Fran Lyon Case: The hidden agendas

By Jonathan Gornall

Another week, another broadside in the propaganda war being waged against the nation’s child-protection system by the right wing press.
And, as in any war, truth can be the first casualty.

The latest lopsided horror story concerns Fran Lyon, a pregnant 22-year-old who, according to the Sunday Telegraph, has been “told that her baby will be taken from her [by Hexham social services] at birth because she is deemed capable of ‘emotional abuse’, even though psychiatrists treating her say there is no evidence to suggest that she will harm her child in any way”.

The Daily Mail’s coverage, while based on some facts, is also provocative – it suggests the issue boils down to “Whose baby is it anyway?”.
Both papers have been running stories for some weeks now in support of MP John Hemming’s campaign to portray social workers as “legal baby-snatchers”.

Normally, issues of confidentiality mean that the validity of such stories cannot be tested, but thanks to unique circumstances – Lyon herself has offered confidential details and documents relating to her case to journalists – the published “truths” of this case can be examined in some detail.

Details failed to emerge

This is not about whether the decision by social services is right or wrong. It is about the way the process has been misrepresented. Several significant details failed to emerge in both newspapers’ coverage, all of which cast this story in a different light.

This was not Lyon’s fault. I spoke to her and she was entirely open and frank about her history and personal circumstances. It is those hijacking her story in the service of their own agendas that have dealt economically with the facts.

The Sunday Telegraph led readers to believe that “Miss Lyon came under scrutiny because she had a mental health problem when she was 16 after being physically and emotionally abused by her father and raped by a stranger”. But this was not the trigger for concerns. There had been, Lyon told me, “a difficult incident with my ex where I needed to call the police and the police put a report through to social services because I was pregnant”.

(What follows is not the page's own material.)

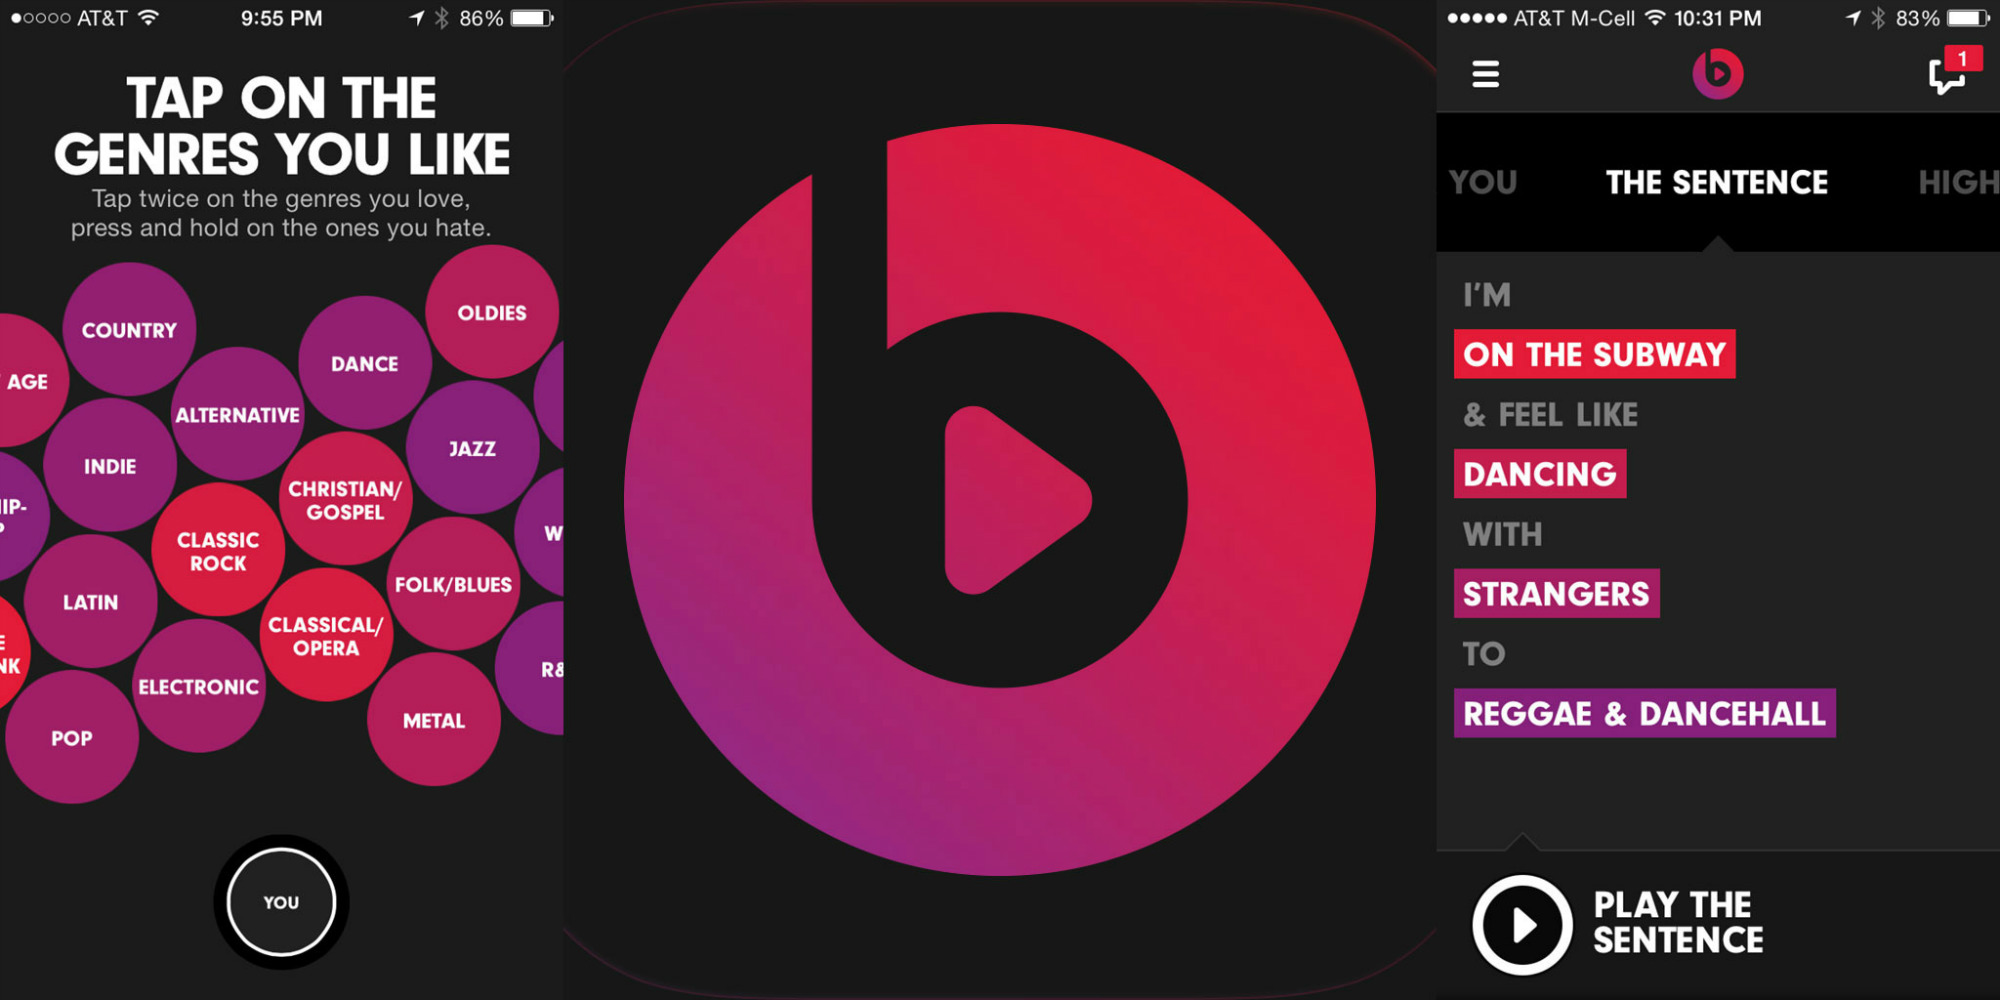 Apple-Apparently-Preparing-to-Integrate-Beats-Music-With-iTunes-As-Music-Sales-Decline

Social workers did their duty

So far, then, so fully in line with every government edict issued in the wake of the Victoria Climbié Report, including the Children Act 2004, that “places a statutory duty on key people and bodies to make arrangements to safeguard and promote the welfare of children”. In notifying social services, the police were doing no more than their statutory duty – and, post-Laming, God help them if they hadn’t.

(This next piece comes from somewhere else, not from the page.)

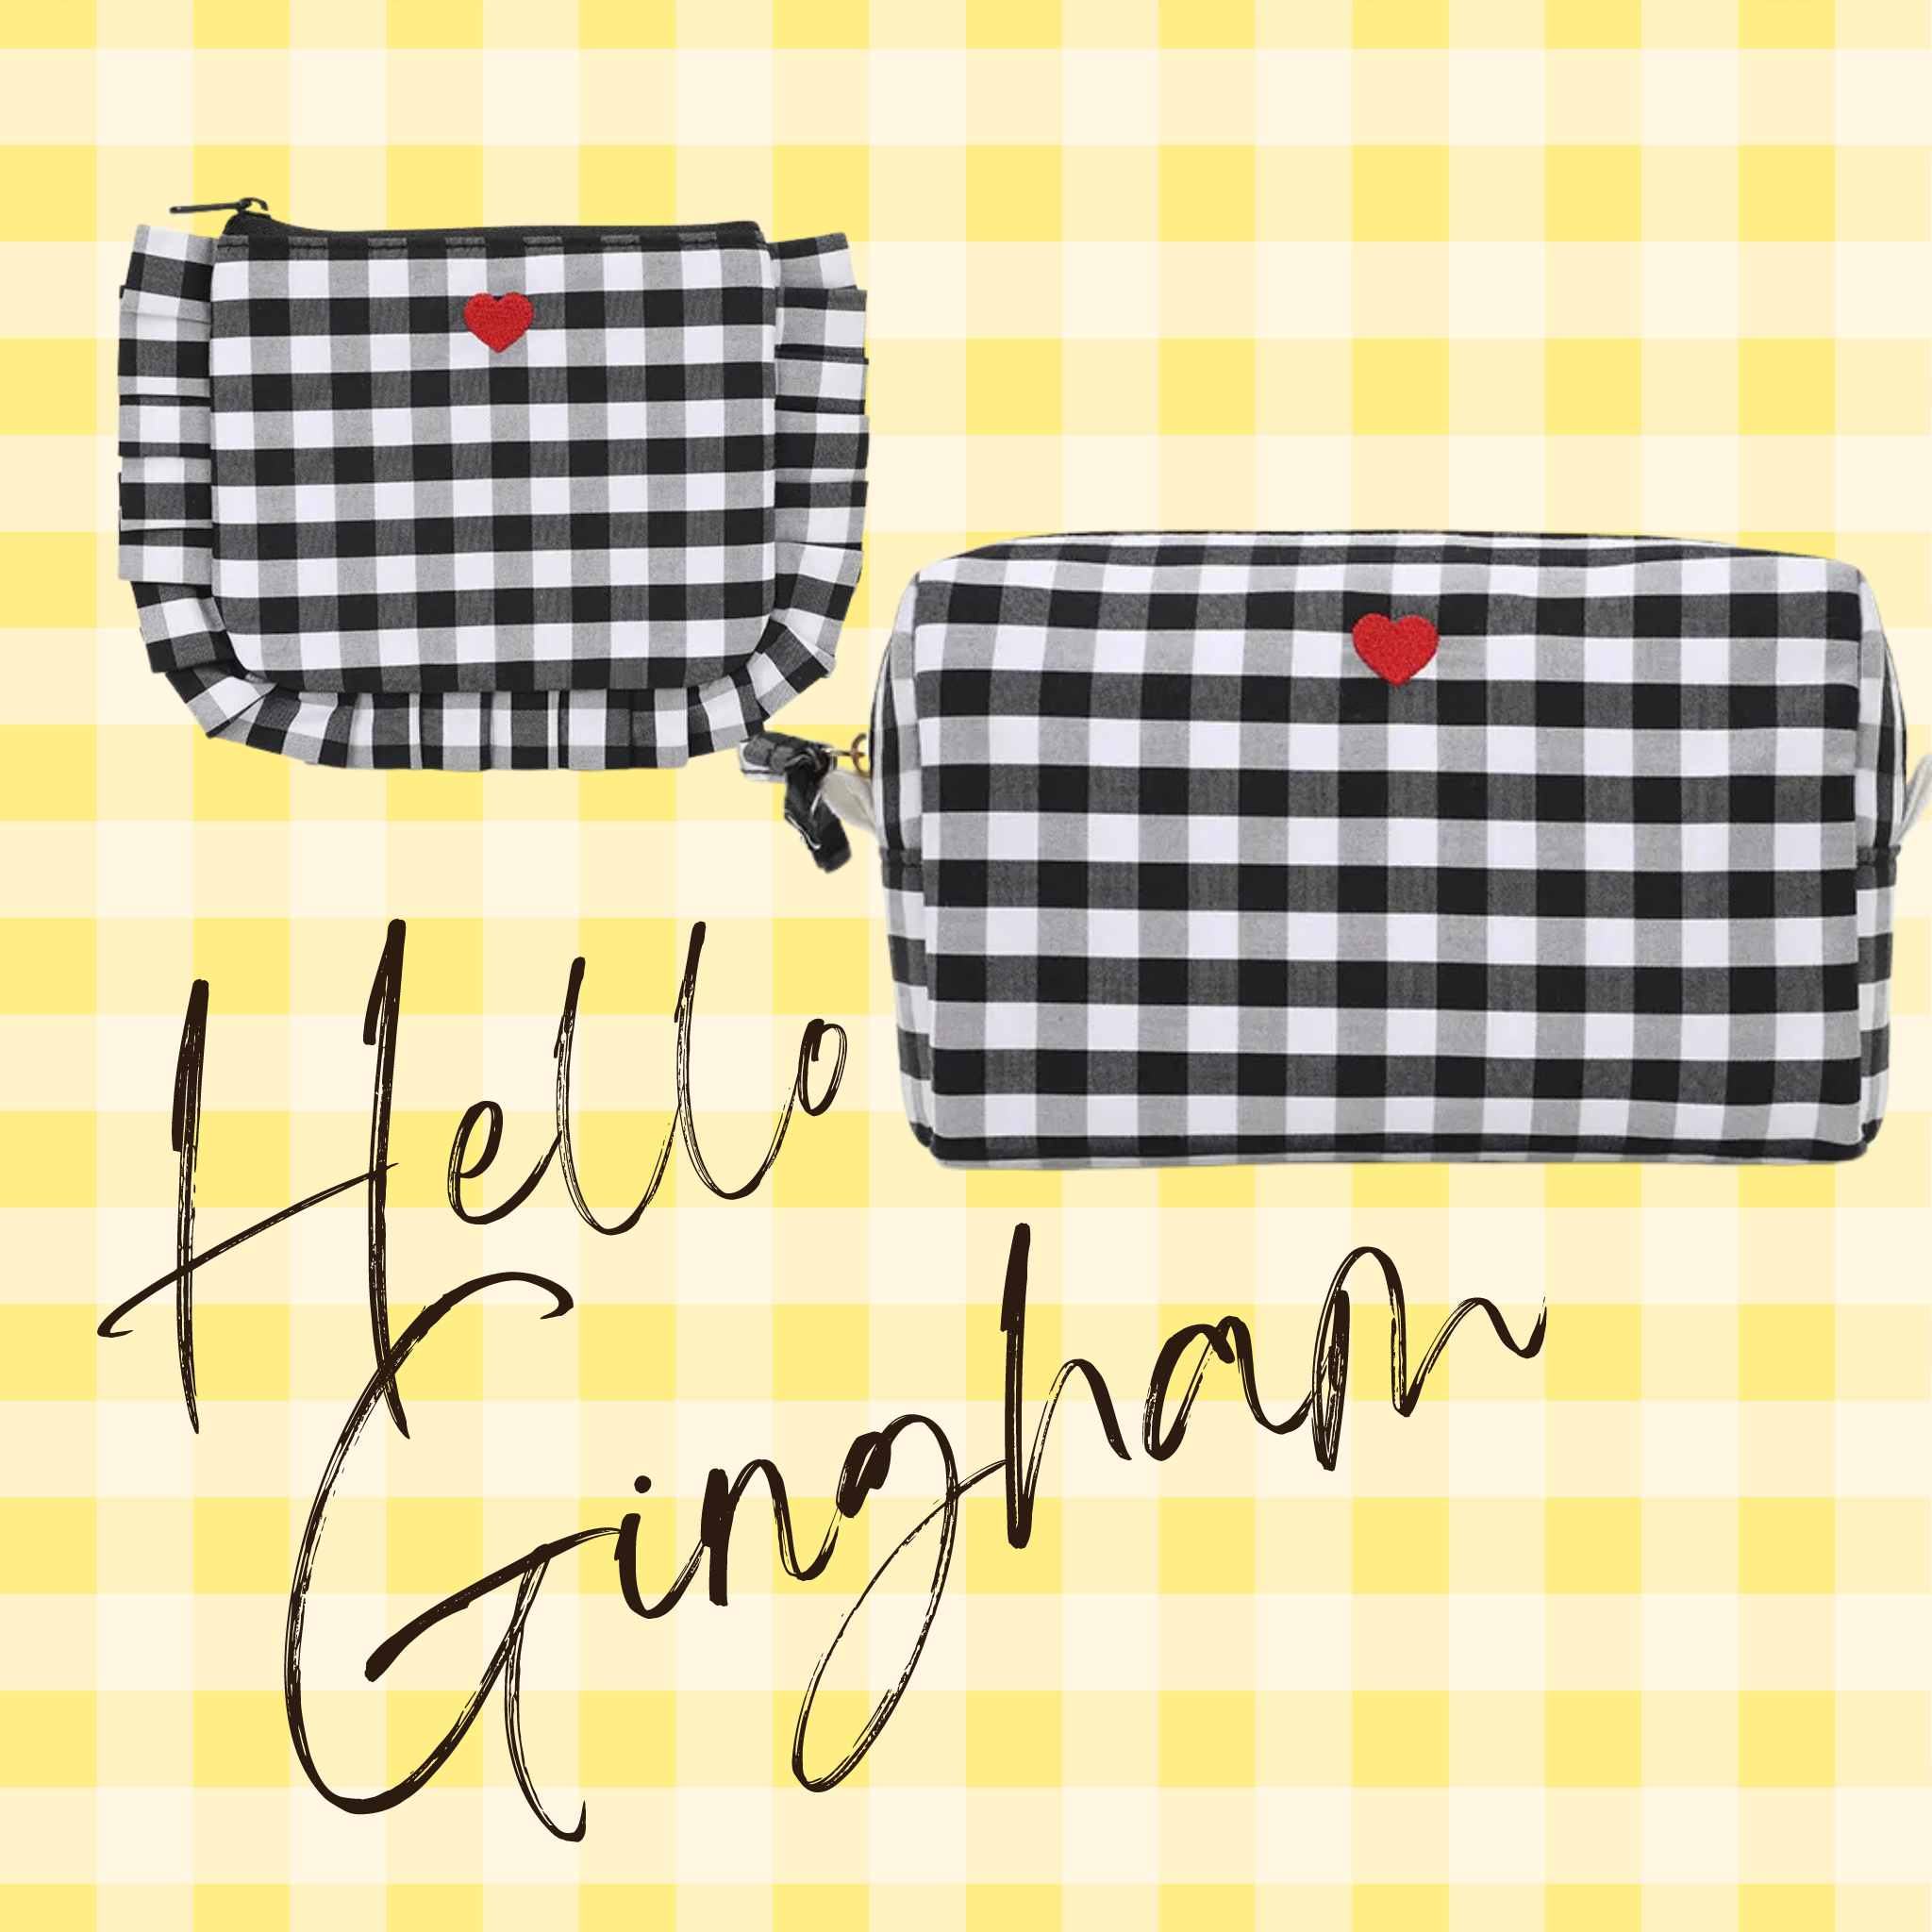 The Glorious Gingham Gift Box

Next, it was the turn of social workers to do their duty. Lyon was invited to an initial interview at which, she says, the focus was on her former partner. She says she was then asked to attend a second interview with her mother and that this was “focused on my childhood and my previous mental health issues”.

Lyon frank about her history

Lyon, who works for Borderline UK, helping people diagnosed with borderline personality disorder, is frank about her own personal history.
She explains that, by 13 or 14, she was “already seriously anorexic” and “was being quite seriously abused”.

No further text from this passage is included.